Перед закатом на Кубе, в свете ее кратчайших сумерек, является нечто зеленоватое; а господствует сиреневое и желтое. Вернее, желтое — просто там, где солнце. Серо-сиреневый фон есть в окружающем мире; а дальнее восточное небо серо, голубовато, спокойно и независимо: будто и нет зари.

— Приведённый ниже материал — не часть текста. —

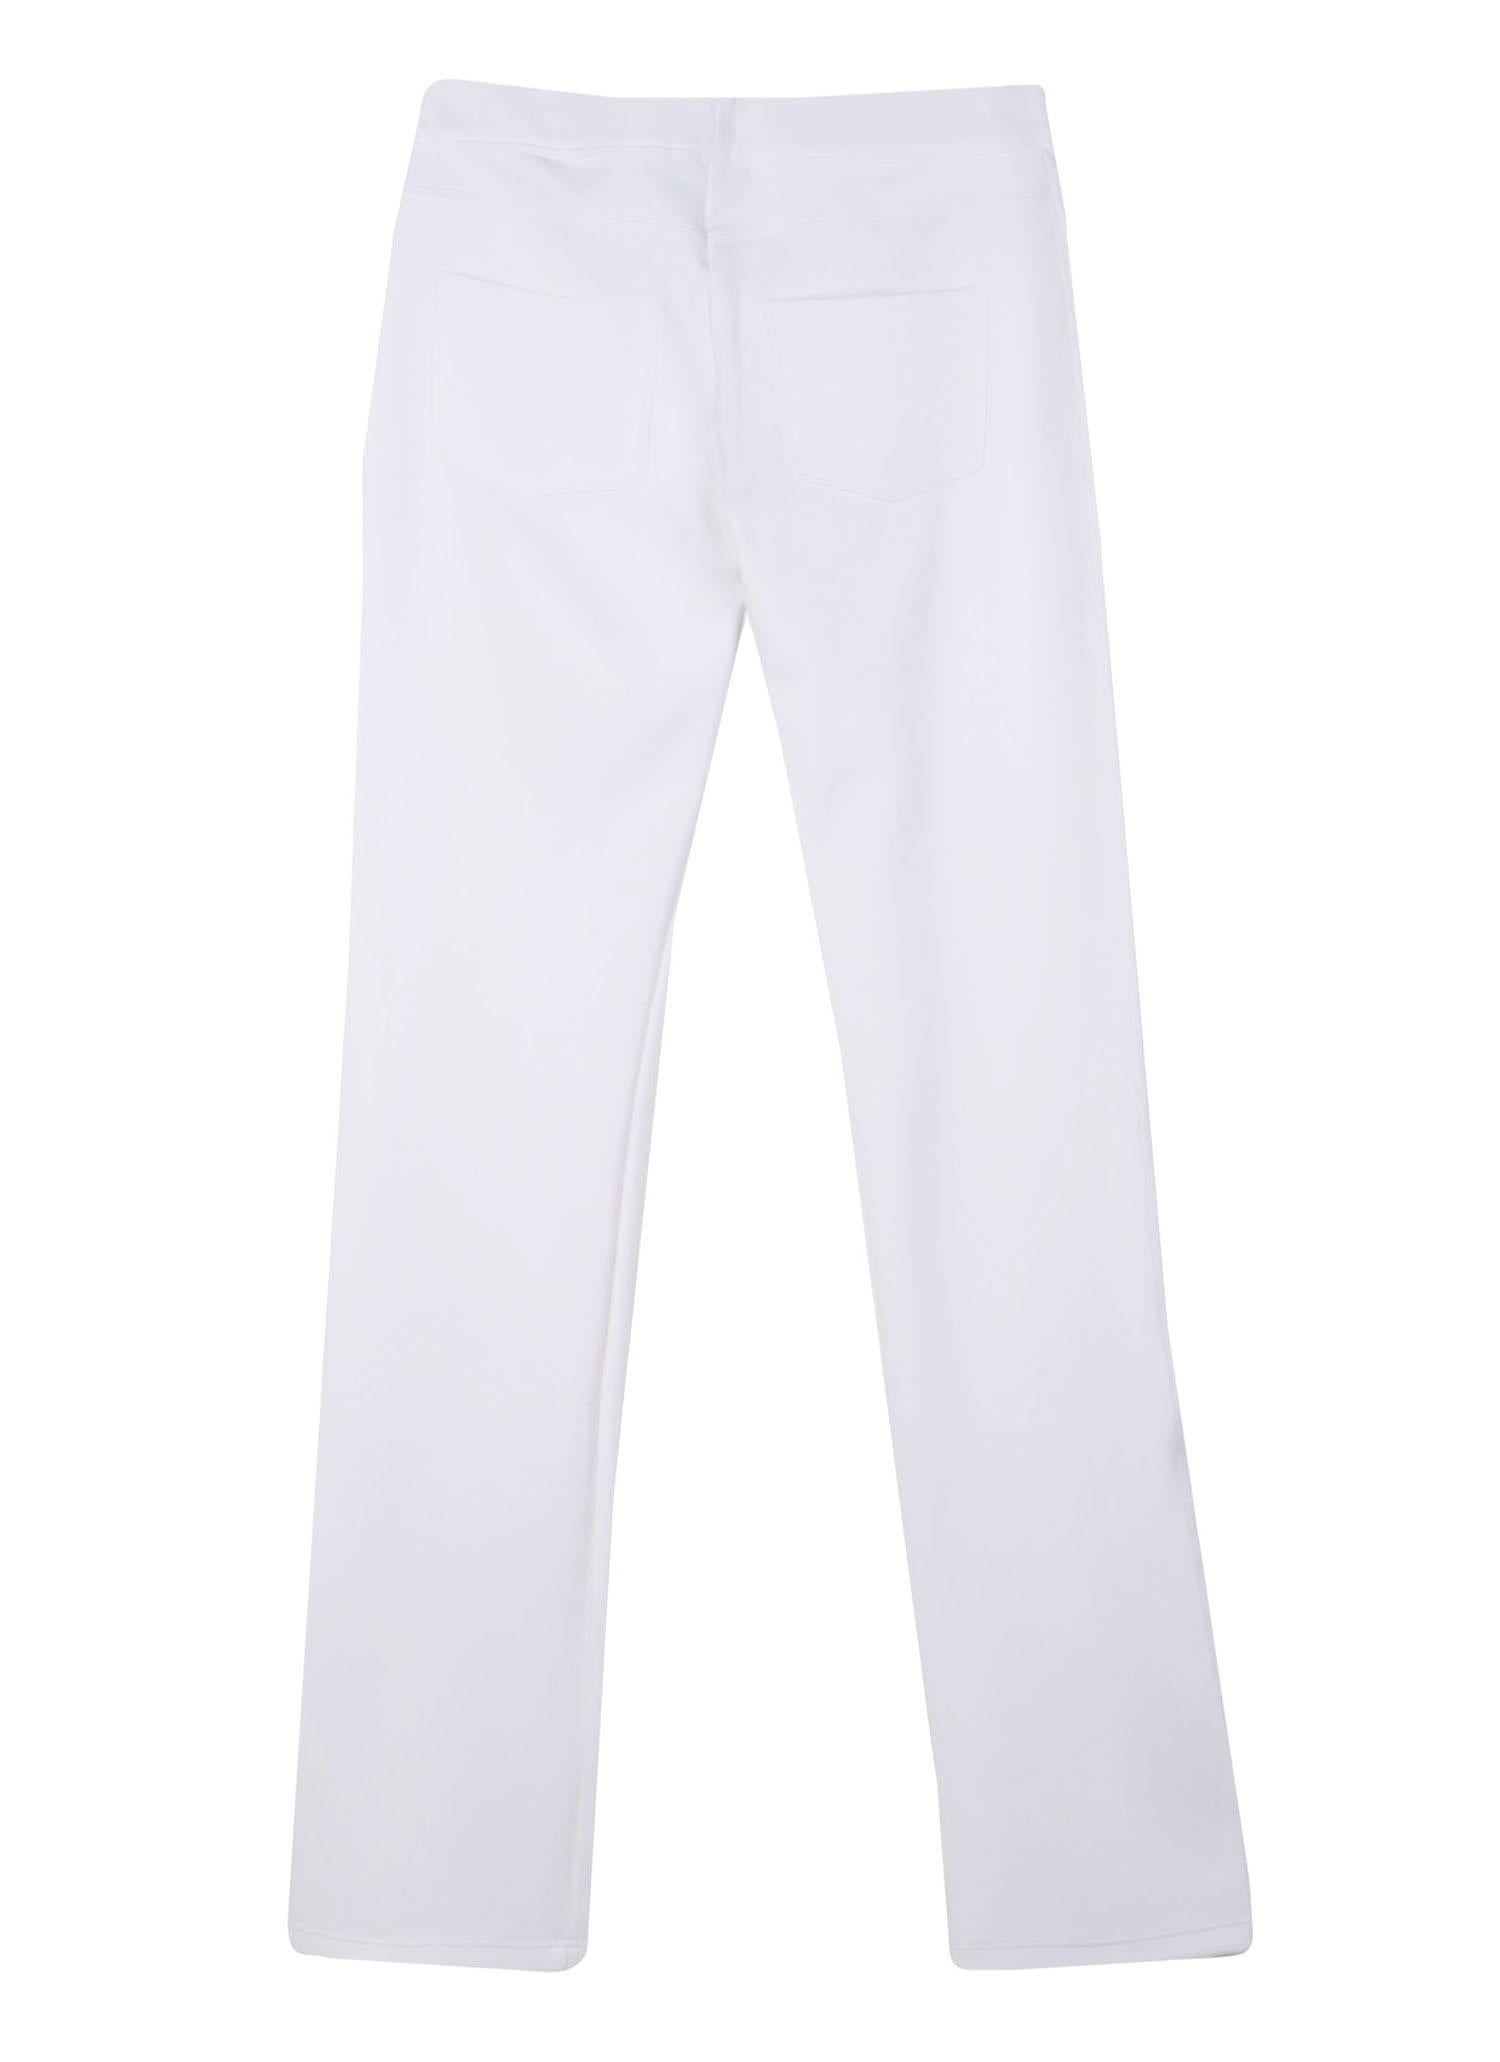 New Versace Women's White Gym Pant Suit with Crystal Embellishment  US 6 and 8 For Sale 3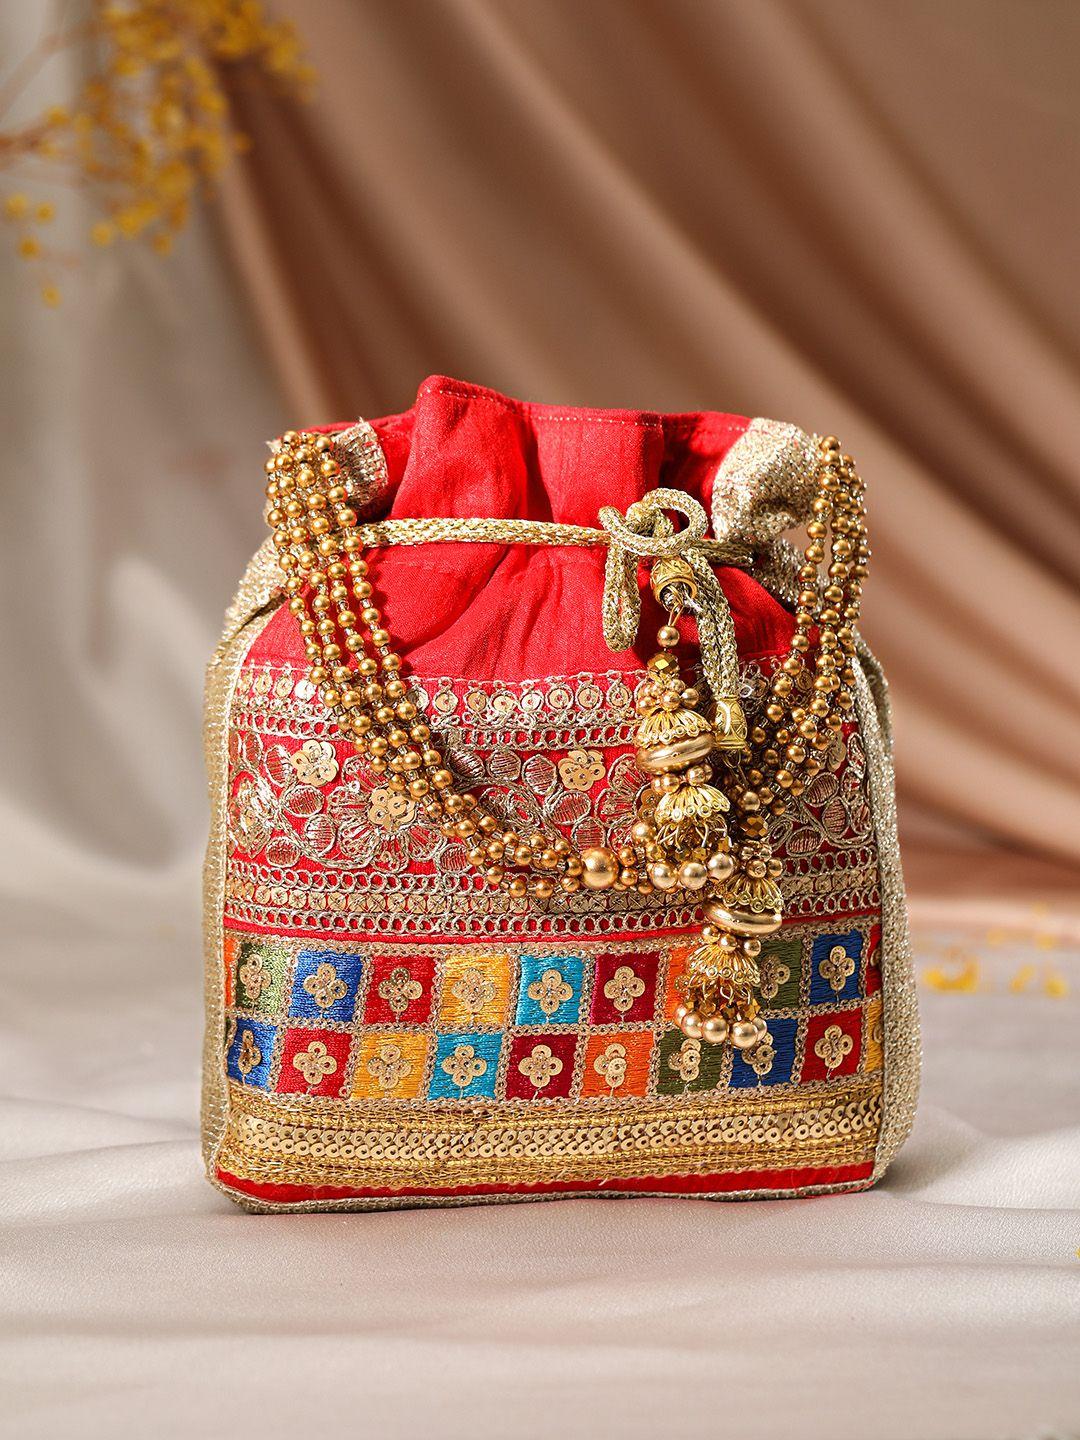 rubans red & gold-toned embroidered potli clutch

На берегу ожидали сюрпризы; я шел первым; оказалось, что весь он состоит из пористо-легкого (на вид), во все стороны острого камня: вроде слегка окаменели мягкие породы. На деле камень был натурален — неимоверно тверд: когда касался его рукою или босой ногой, тело чувствовало его силу, что ли. В этих моделях шхер, фиордов, лиманов и прочих узорных, кружевных, зигзагообразных, дробных углублениях, не имевших названия, стояла вода моря; коснешься — она неожиданно, неимоверно тепла; в выемках, в тьме и свете перед закатом она темна и кажется глубокой и полной тайны и тяжкой, как всякая вода, у которой не видно дна. «А там, вдали, на севере…» …только не в Париже. Средь камней и в заливчиках тотчас же начали попадаться окаменелые (именно!) фигуры морских животных — звезд и полипов, и всех ракушек, какие только возможны: полосатых толстых (закрученные коренастые пирамиды!) и белесо-гофрированно-ажурных, прежде цветных и серых, пестрых и бурых, розовых этих раковин и различных катушек, улиток.
Особенно это в тех местах, которые — как бы сказать? — то омываются, то не омываются водами; странное чувство; да, будто модель фиорда, а ты сверху: господь бог над землею — пилот над дальней Норвегией; камни, камни; и куски скал, именно — уж не камни, а мелкие куски скал; эти отверделые пупырчатые серые полипы, на изломах — меловые; эти ракушки с бледными следами полос и радуг или без оных и — вода: то зайдет вкрадчиво, маслянисто — еле-еле, но живо плеснув, то не зайдет вовсе — прошуршит лишь у входа: в зависимости от силы дальней волны… Вот тут именно особенно много этих замерших жизней.
Мощное, древнее живет в этом; и оно вызывает не грусть, а именно чувство напора жизни. Да, нет истинного цвета; впоследствии, когда я в музее в Ольги́не увидел реальное разнообразие раковин, у меня — многоопытного по части радуг! — все же в глазах зарябило… Нет цвета; но сурово и мощно напоминает жизнь: вот она, я — миллионнолетняя; и могучий камень, имеющий беззащитную форму и контуры живого, мягкого — это мое запечатление, подтверждение. Но есть и — грусть не грусть, а…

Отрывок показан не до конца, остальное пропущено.